I’m going to stick to this new monthly post, discussing what I read in the previous month. Nothing formal, and nothing very detailed – just some short recommendations (or warnings) from a reading enthusiast to other readers and writers. So, last month, here’s some of what I read:
Before They Are Hanged by Joe Abercrombie
Last month I spoke volumes about The Blade Itself, the first book in this trilogy. Despite my stack of books to read at home, I went out and bought the sequel almost immediately. Surprisingly, the sequel is even better. The principle characters are tested in a variety of ways, the world is expanded and explored, and Abercrombie maintains his incredible balance of tension, action and gallows humor throughout. If you haven’t already started this trilogy, do it now.
Hieroglyph, edited by Ed Finn and Kathryn Cramer
I also mentioned last month that I had started reading the anthology Hieroglyph.
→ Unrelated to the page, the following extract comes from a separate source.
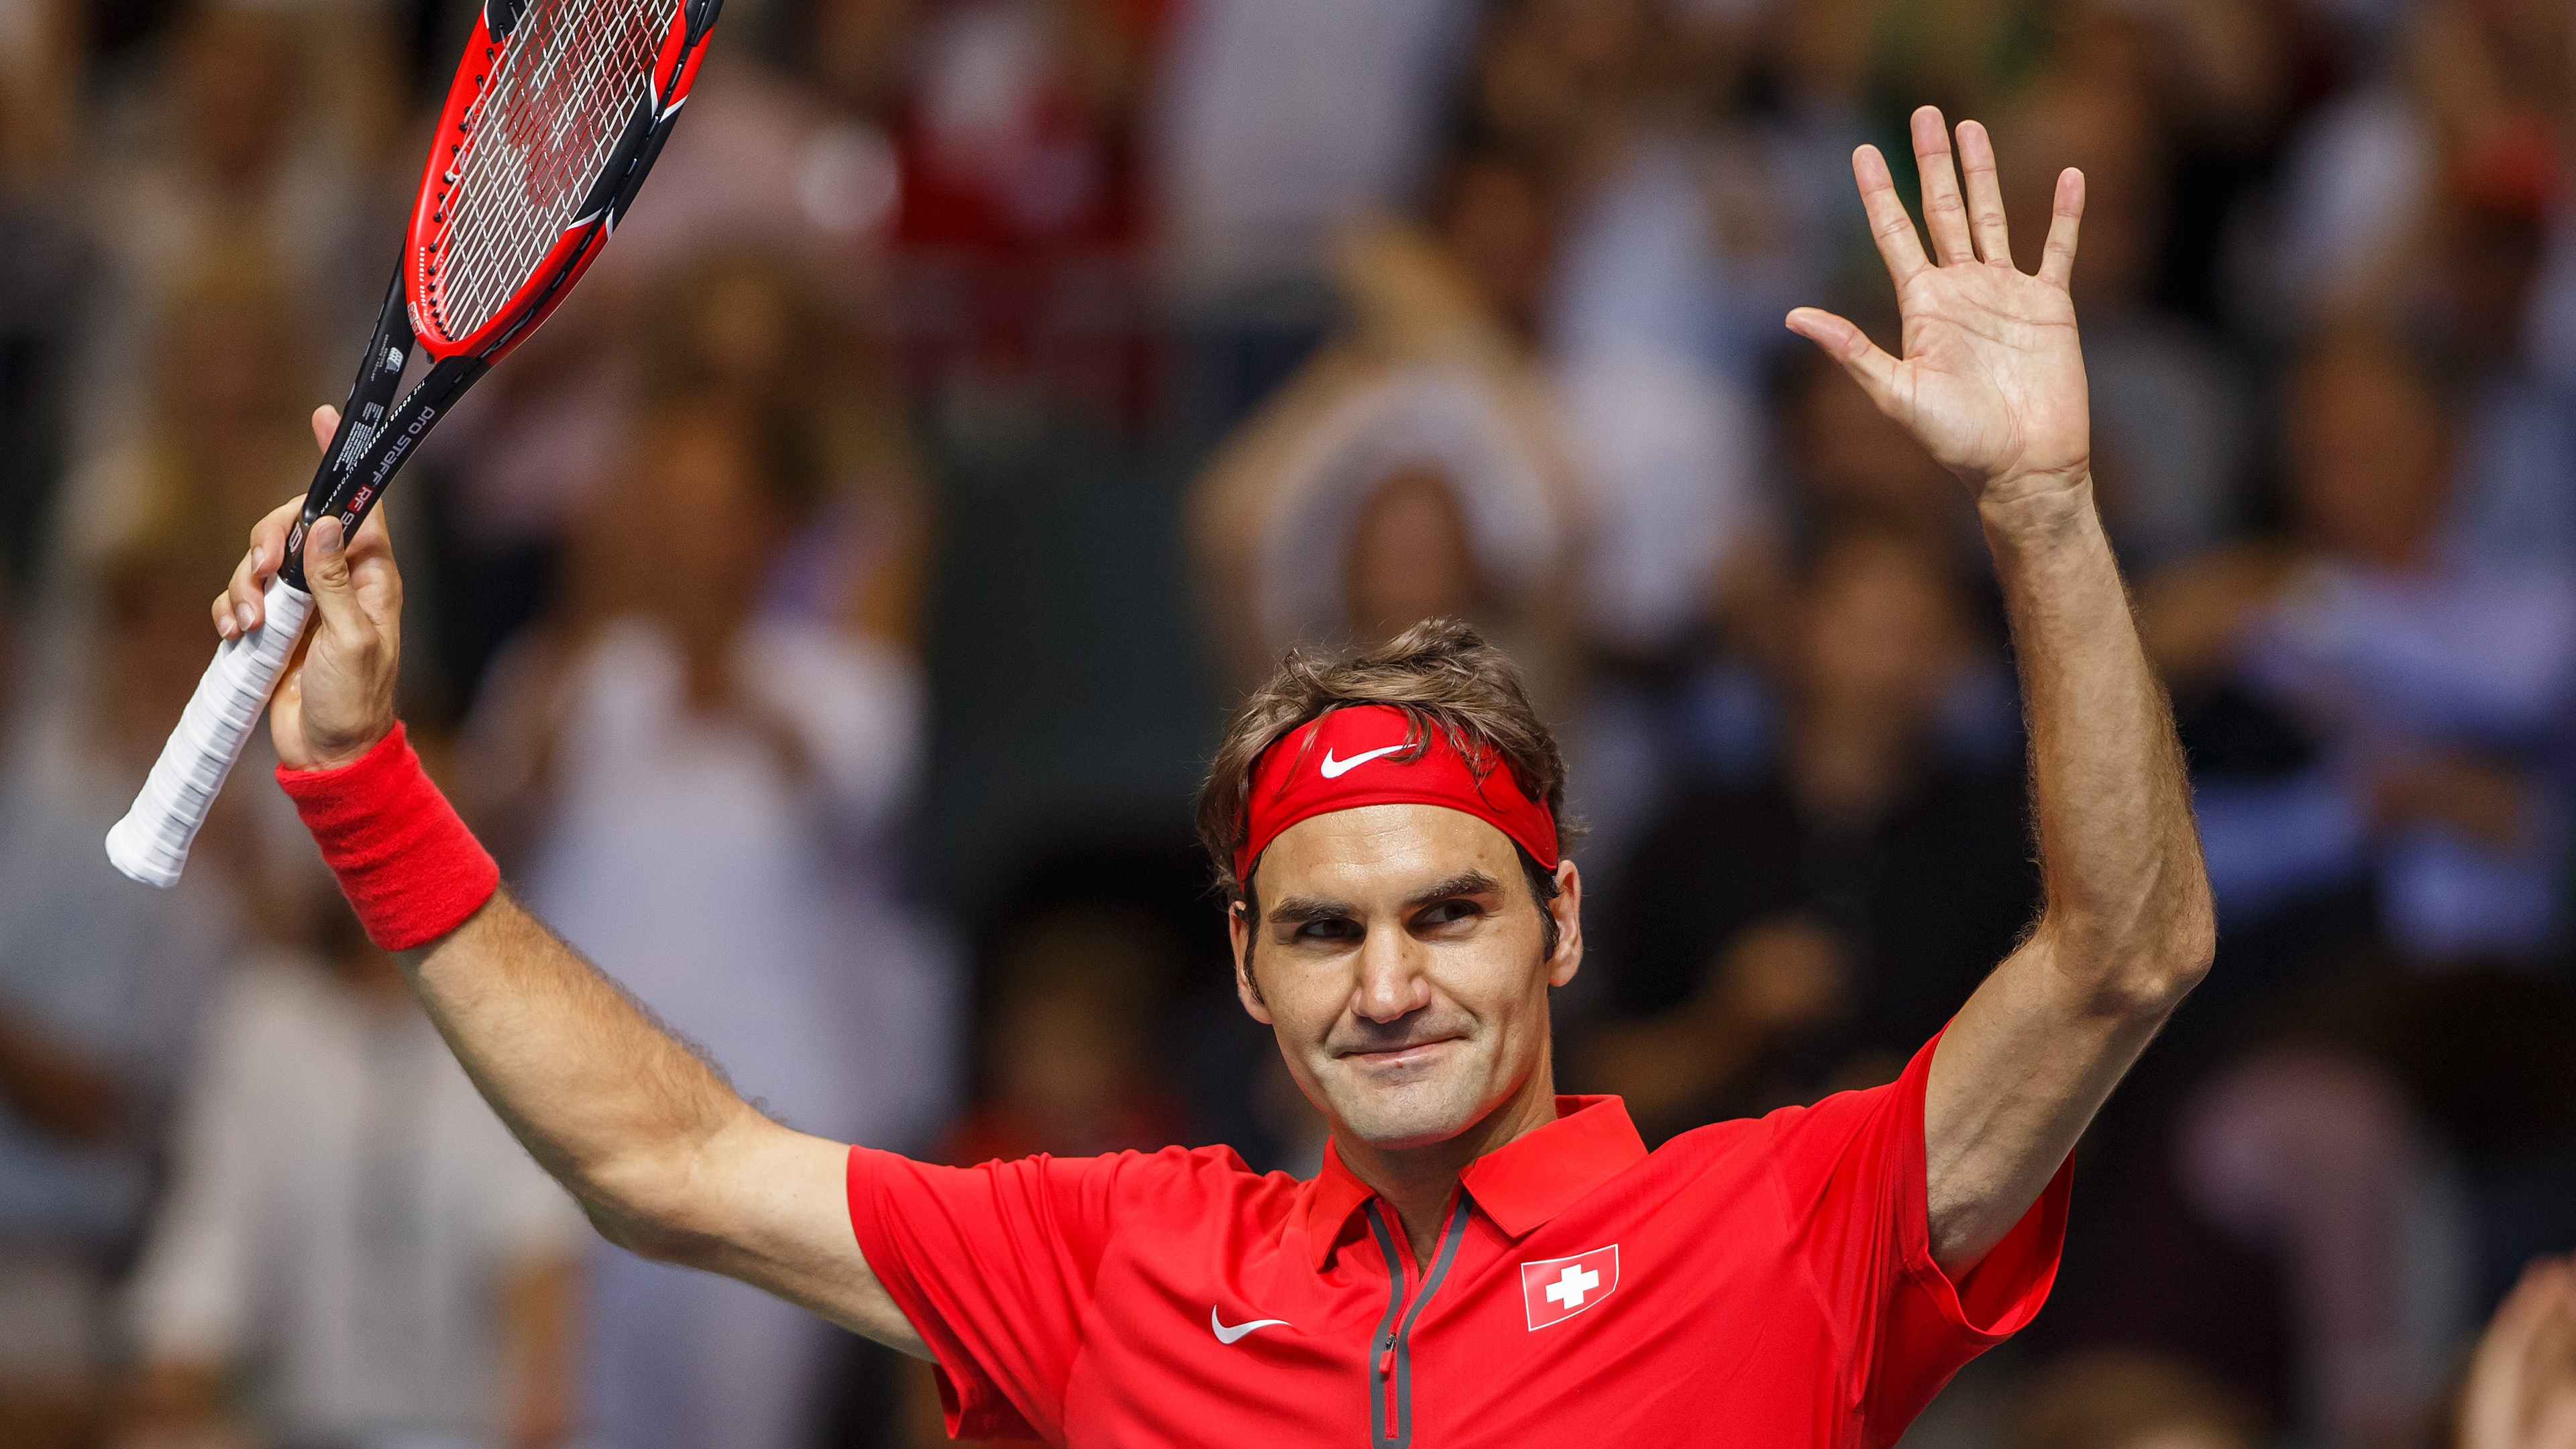 Wallpaper 4k Roger Federer Tennis Player Federer Lebron Player Roger Tennis

The collection of stories in here are solid takes on what might happen in a world where technology actually saves humanity instead of destroying it. Like with any collection, you’ll find that some stories resonate with you more than others. My particular favorites were “Degrees of Freedom” by Karl Schroeder – looking at Native communities in Canada achieving independence through social networking – and “Tall Tower” by Charlie Jane Anders, which focuses on an old cowboy who wants his faithful horse to be able to ascend beyond Earth just like humanity.
Soulminder by Timothy Zahn
Being an avid reader of the Star Wars expanded universe (pre-Disney) I’m naturally a huge fan of Zahn’s Thrawn trilogy. This is the first non-Star Wars novel by Zahn I’ve checked out – and you know what, I really enjoyed it. The premise of a device that can hold people’s souls is explored very organically, through a variety of natural repercussions and the question of ethical concerns around technology. I was actually halfway through before I realized that the bulk of the novel is people talking; Zahn does an incredible job here of creating tension, conflict and great pacing with only conversation driving the narrative, and if I ever get the chance to teach a writing class, I’ll probably use a snippet from this novel as an exemplar.